WASHINGTON — Sens. Sherrod Brown, D-Ohio, and David Vitter, R-La., said on Thursday that they plan to introduce legislation addressing concerns about "too big to fail" banks.
The two lawmakers announced their intentions during back-to-back speeches, in which they described their concerns and outlined the contours of their upcoming bill. The legislation will draw upon ideas put forward by the Thomas Hoenig, a director of the Federal Deposit Insurance Corporation and the agency's former Chairman Sheila Bair, along with Richard Fisher, president of the Federal Reserve Bank of Dallas.

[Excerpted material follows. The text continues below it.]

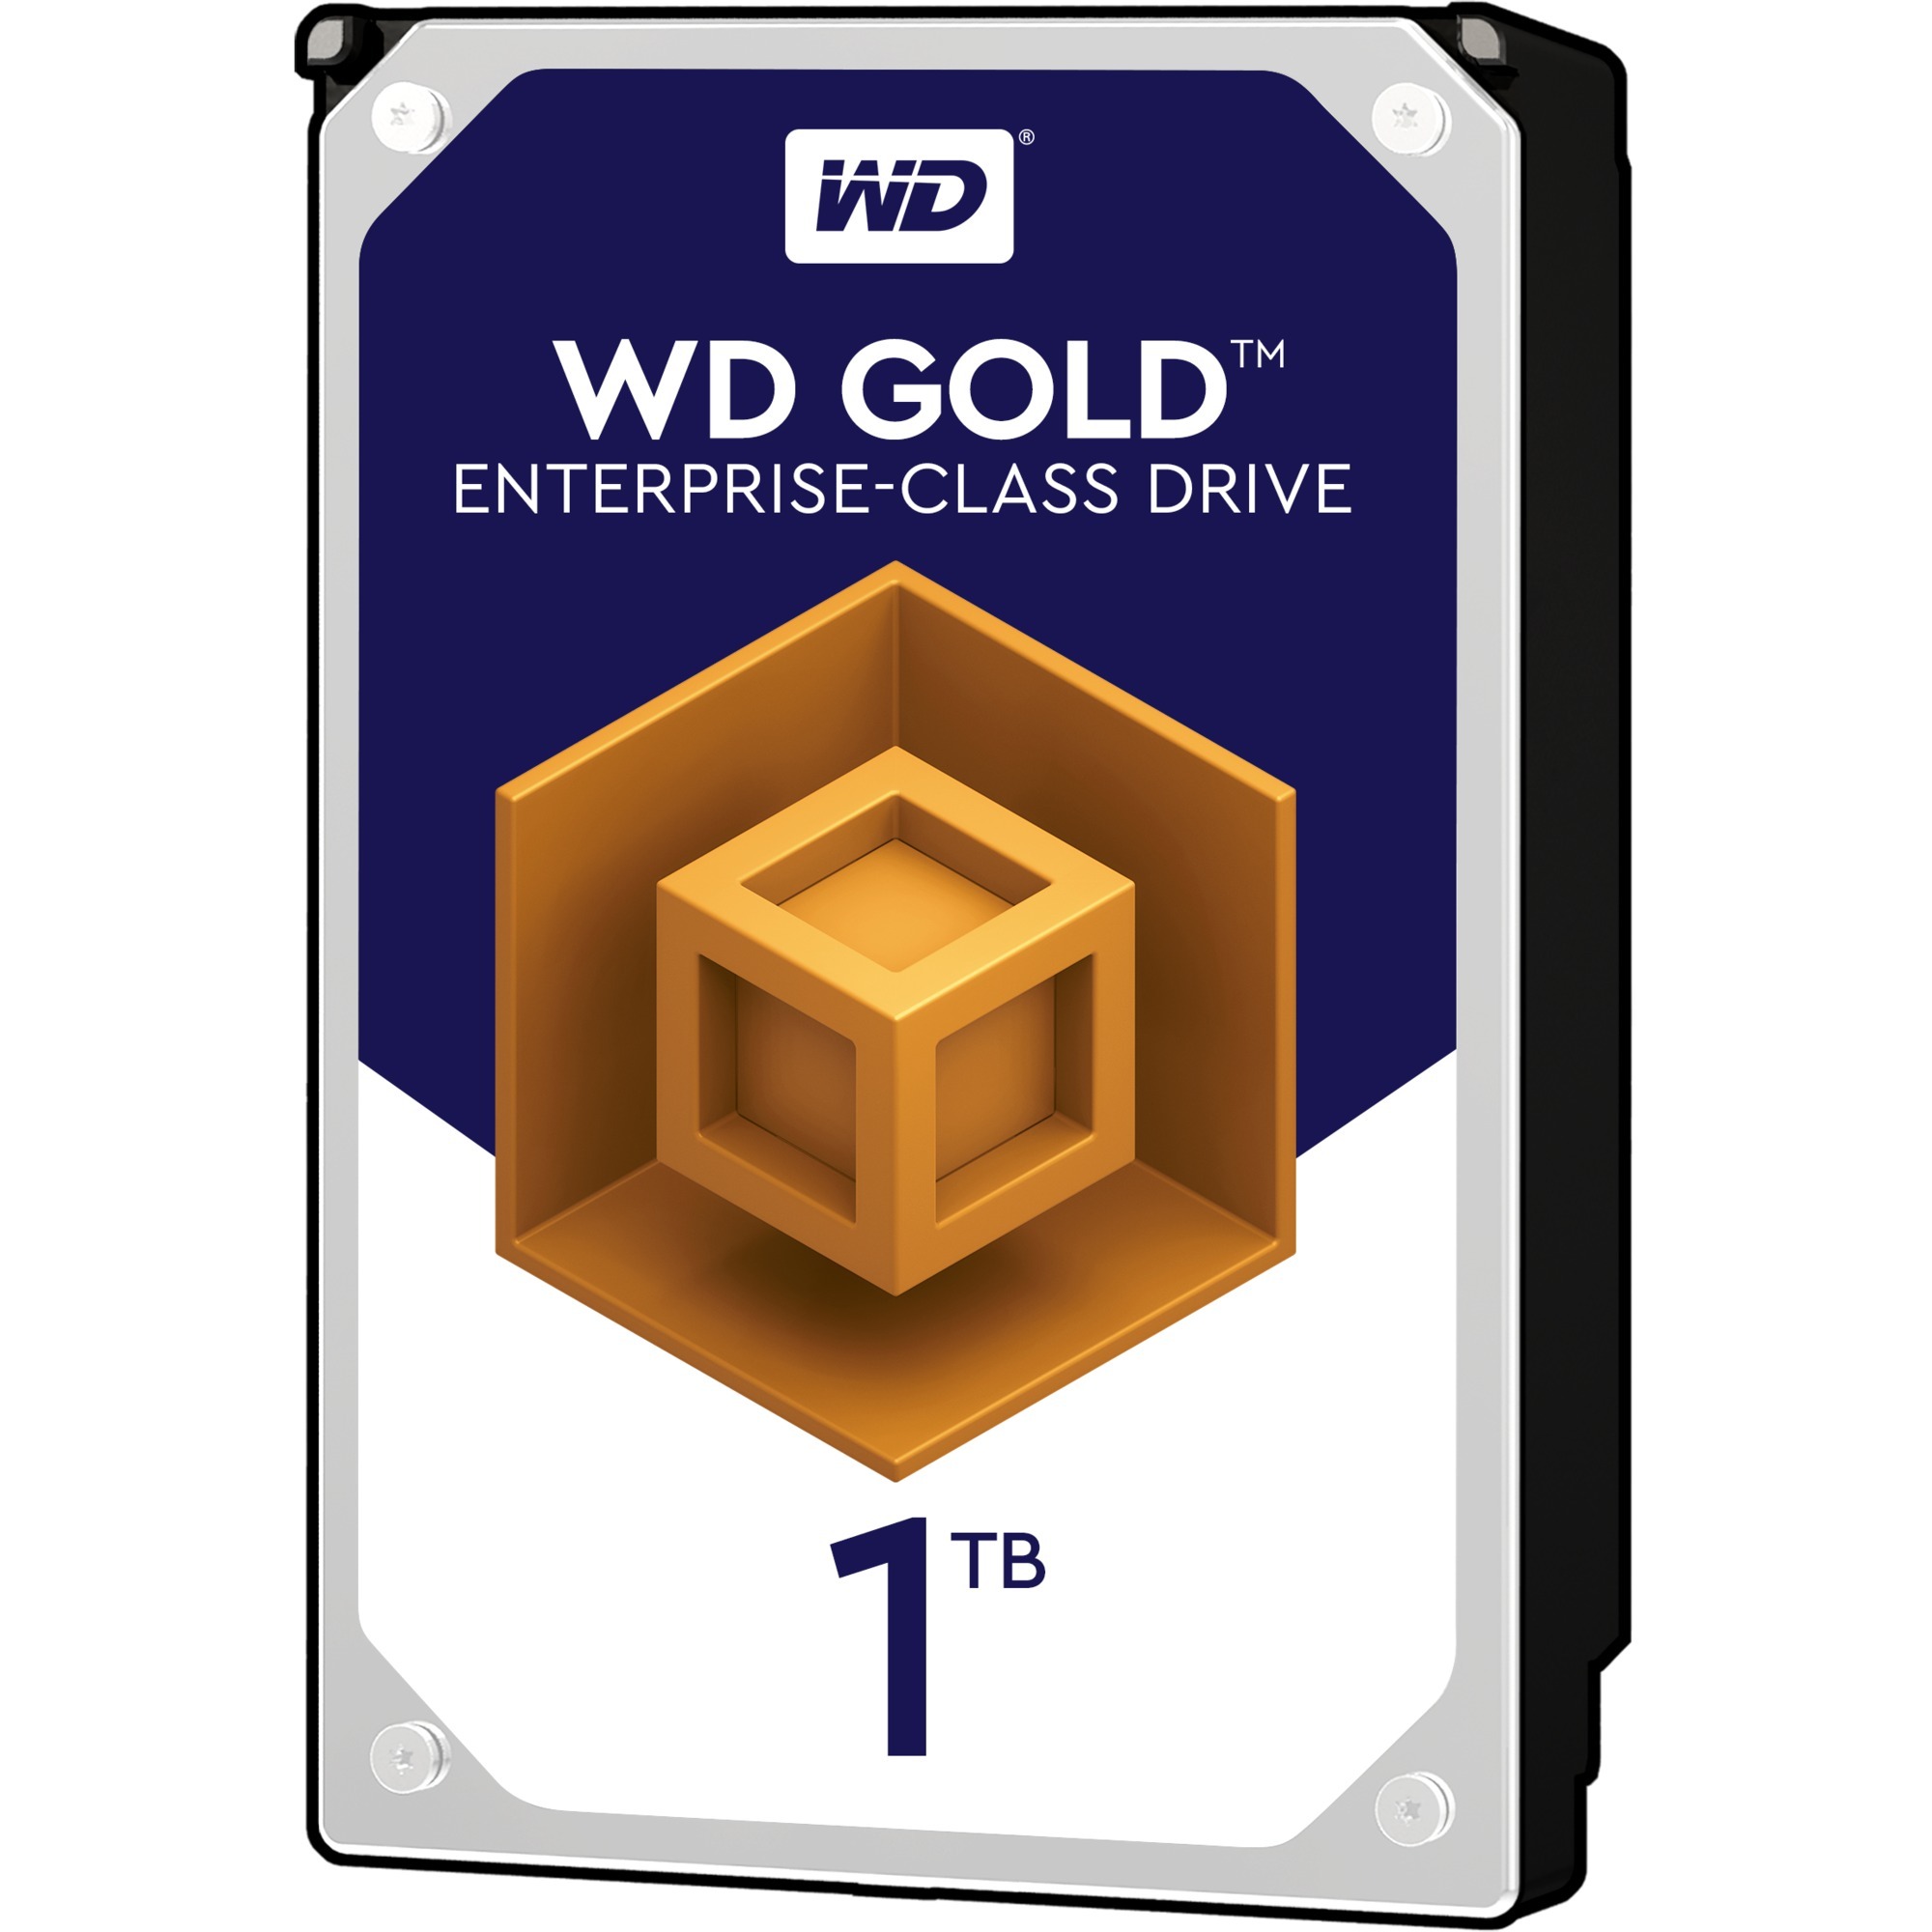 Image of Alternate - Gold Enterprise Class 1 TB, Festplatte online einkaufen bei Alternate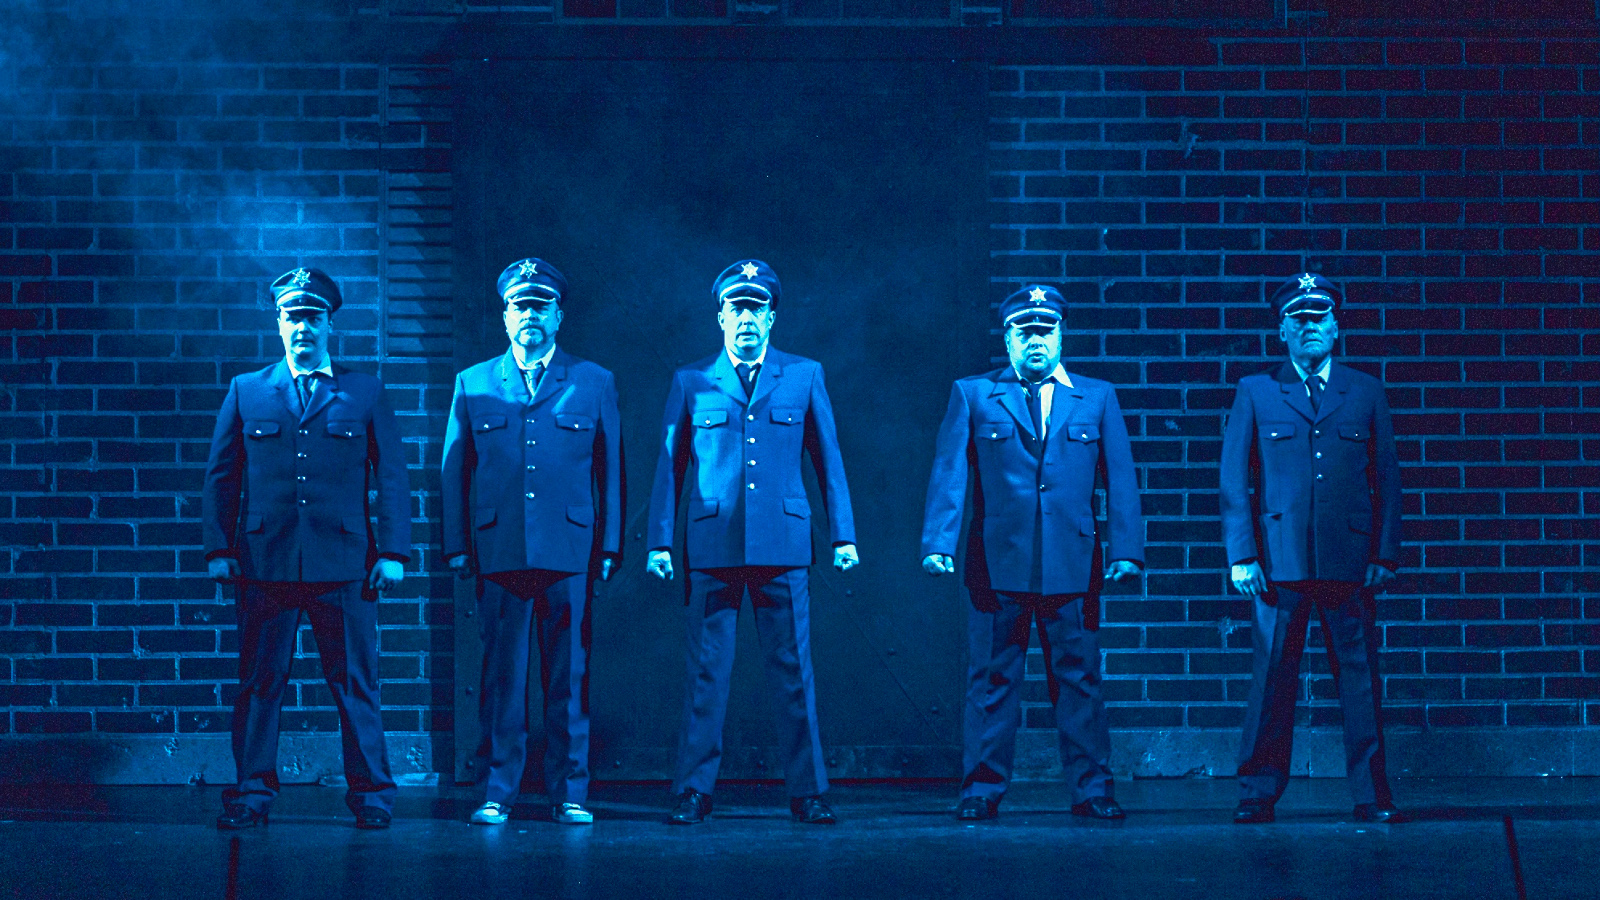 Kuvassa on viisi miestä sinisissä virkapuvuissa ja koppalakeissa.  Taustalla on tiiliseinää.  Kuvan sävy on sinertävä.

"We shouldn't tolerate business as usual, monitoring risk until we are once again near the brink of disaster; we should learn from our recent history and correct our mistakes by dealing with the problem head-on," Brown said on the Senate floor. "That means preventing the anticompetitive concentration of banks that are too big to fail, and whose favored status encourages them to engage in high-risk behavior."
Vitter added that while the two are not quite ready to unveil their bill, the legislation would "fundamentally require significantly more capital for the megabanks" and reduce the regulatory burden on community banks.
The Senators, who otherwise occupy opposite ends of the political spectrum, have teamed up before on related issues. They previously worked together to push bank regulators to raise capital surcharges on the biggest banks, and led an effort during the lame duck session to direct the Government Accountability Office to conduct a study looking at the economic benefits of being "too big to fail."